CFD is a subject that uses numerical methods to solve mathematical equations by computer, revealing the physical laws of fluid motion, and studying the spatial physical characteristics of steady flow motion and the spatiotemporal physical characteristics of unsteady flow motion [29]. The basic idea can be summarized as follows: replace the fields of continuous physical quantities in the time and space domains, such as velocity and pressure fields, with a set of variable values at a finite number of discrete points; establish an algebraic equation system through certain principles and methods regarding the relationship between the field variables at these discrete points; and then solve the algebraic equation system to obtain an approximate value of the field variables.

The governing equations are the Navier–Stokes equations, including the continuity equation and the momentum equation, as written below:

$$\frac{\partial u_i}{\partial x_i}=0$$

(9)

$$\frac{\partial u_i{u}_j}{\partial x_i}=-\frac{1}{\rho }\frac{\partial p}{\partial x_i}+\nu {\nabla }^2{u}_i$$

(10)

where $u_i$ is the velocity component in the i direction, $x_i$ is the coordinate component in the i direction, $\rho$ is the fluid density, $\nu$ is its dynamic viscosity coefficient and p is the pressure.

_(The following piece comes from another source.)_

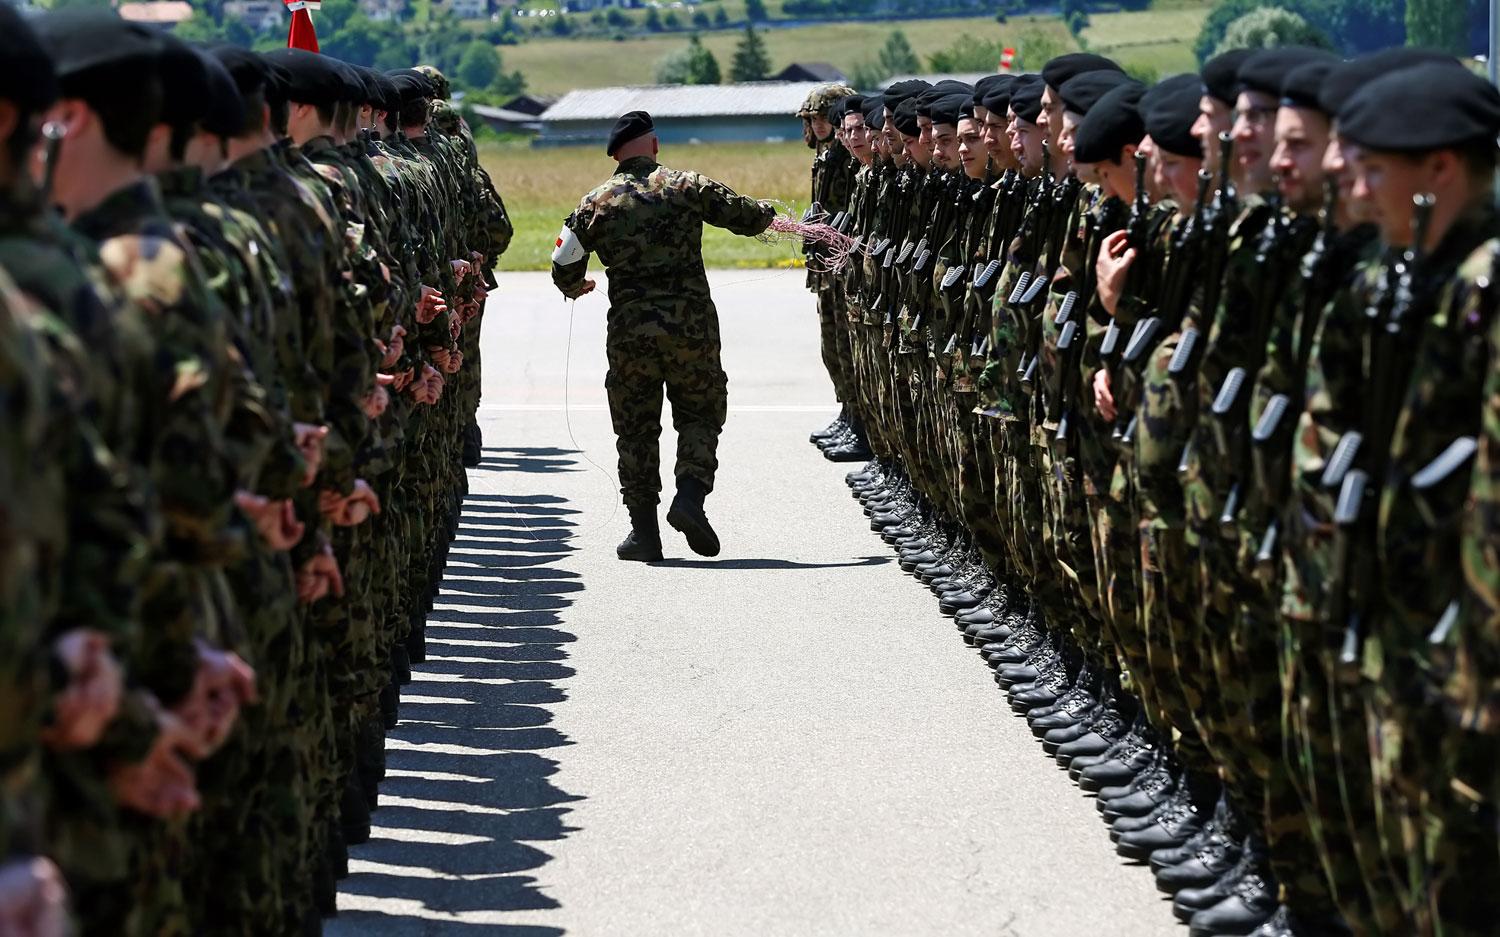 Hamarosan magyar, indiai és bolgár fehérneműt is viselnek majd a svájci katonák

Turbulence is modeled with the Reynolds averaging method, and the velocity is decomposed into the time-averaged and fluctuating components. The Reynolds stress model is adopted to close the steady Reynolds-averaged Navier–Stokes (RANS) equations, and the Reynolds stress tensor is written as

$$\overline{u_i^{\prime }{u}_j^{\prime }}={\nu }_t(\frac{\partial u_i}{\partial x_j}+\frac{\partial u_j}{\partial x_i})+\frac{2}{3}k{\delta }_{ij}$$

(11)

where $u_i^{\prime }$ is the fluctuation velocity component in the i direction, ${\nu }_t$ is the turbulent viscosity, k is the turbulent energy and ${\delta }_{ij}$ is the Kronecker delta.

2.2. Solution Method

This study investigates the characteristics of acoustic field in the HQ duct in a 2D coordinate system for computational aeroacoustics (CAA). The coupled calculation method is based on a mixed FEM and CFD method to solve the coupling calculation of sound field and flow field. The PML is placed at the end of the tube as an absorption boundary to simulate the unbounded waveguide.

Finite Element Method

To solve the Galbrun equation system, a weak form of FEM for discretizing variables is adopted. Two trial functions, $W^{*}$ and $P^{*}$, are multiplied by the acoustic equations. After applying the boundary conditions and after integration into the frequency domain, the following equation is obtained:

$$\begin{array}{cc}\hfill & {-\omega }^2\underset{\mathrm{\Omega }}{\int }{\rho }_0{W}^{*}·W^{L}d\mathrm{\Omega }-\mathrm{i}\omega \underset{\mathrm{\Omega }}{\int }{\rho }_0{W}^{*}·\left(v_0·\nabla W^L\right)d\mathrm{\Omega }+\mathrm{i}\omega \underset{\mathrm{\Omega }}{\int }{\rho }_0\left(v_0·\nabla W^{*}\right)·W^{L}d\mathrm{\Omega }\hfill \\ \hfill & -\underset{\mathrm{\Omega }}{\int }{\rho }_0\left(v_0·\nabla W^{*}\right)\left(v_0·\nabla W^L\right)d\mathrm{\Omega }+\underset{\mathrm{\Omega }}{\int }\left(W^{*}·\nabla P^L+\nabla P^{*}·W^L\right)d\mathrm{\Omega }-\underset{\mathrm{\Omega }}{\int }{\displaystyle \frac{1}{{\rho }_0{c}_0^2}}{P}^{*}{P}^{L}d\mathrm{\Omega }\hfill \\ \hfill & +\underset{\mathrm{\Omega }}{\int }{W}^{*}·\left[\left(\nabla ·W^L\nabla p_0\right)-\left({}^T\nabla W^L·\nabla p_0\right)\right]d\mathrm{\Omega }=\hfill \\ \hfill & \underset{S_2}{\int }{P}^{*}{W}_{n}dS+\underset{\mathrm{\Omega }}{\int }[w^{*}·F^L-{\displaystyle \frac{1}{{\rho }_0{c}_0^2}}{P}^{*}{G}^L]d\mathrm{\Omega }\hfill \\ \hfill & \forall (W^{*},P^{*})\mathrm{with}\left(W^{*}{|}_{S_1}=0,P^{*}{|}_{S_1}=0\right)\hfill \end{array}$$

(12)

where $\mathrm{\Omega }$ can be the region of interest or the areas where PML is located. In this paper, the interest domain is $A_1$, $A_2$, $A_3$ and $A_4$, while $A_5$ is the the PML. The continuous boundary conditions for all the physical quantities are used at the interface between $A_4$ and $A_5$ ($\mathrm{\Omega }=A_1\cup A_2\cup A_3\cup A_4\cup A_5$). The standard process of the finite element method is used to discretize the weak form (12). The right interpolation method is adopted for pressure and displacement and it must be ensured through the inf-sup conditions. It can be seen from $p^L=-{\rho }_0{c}_0^2\nabla ·w^L$ that there is a difference in the interpolation order of pressure and displacement.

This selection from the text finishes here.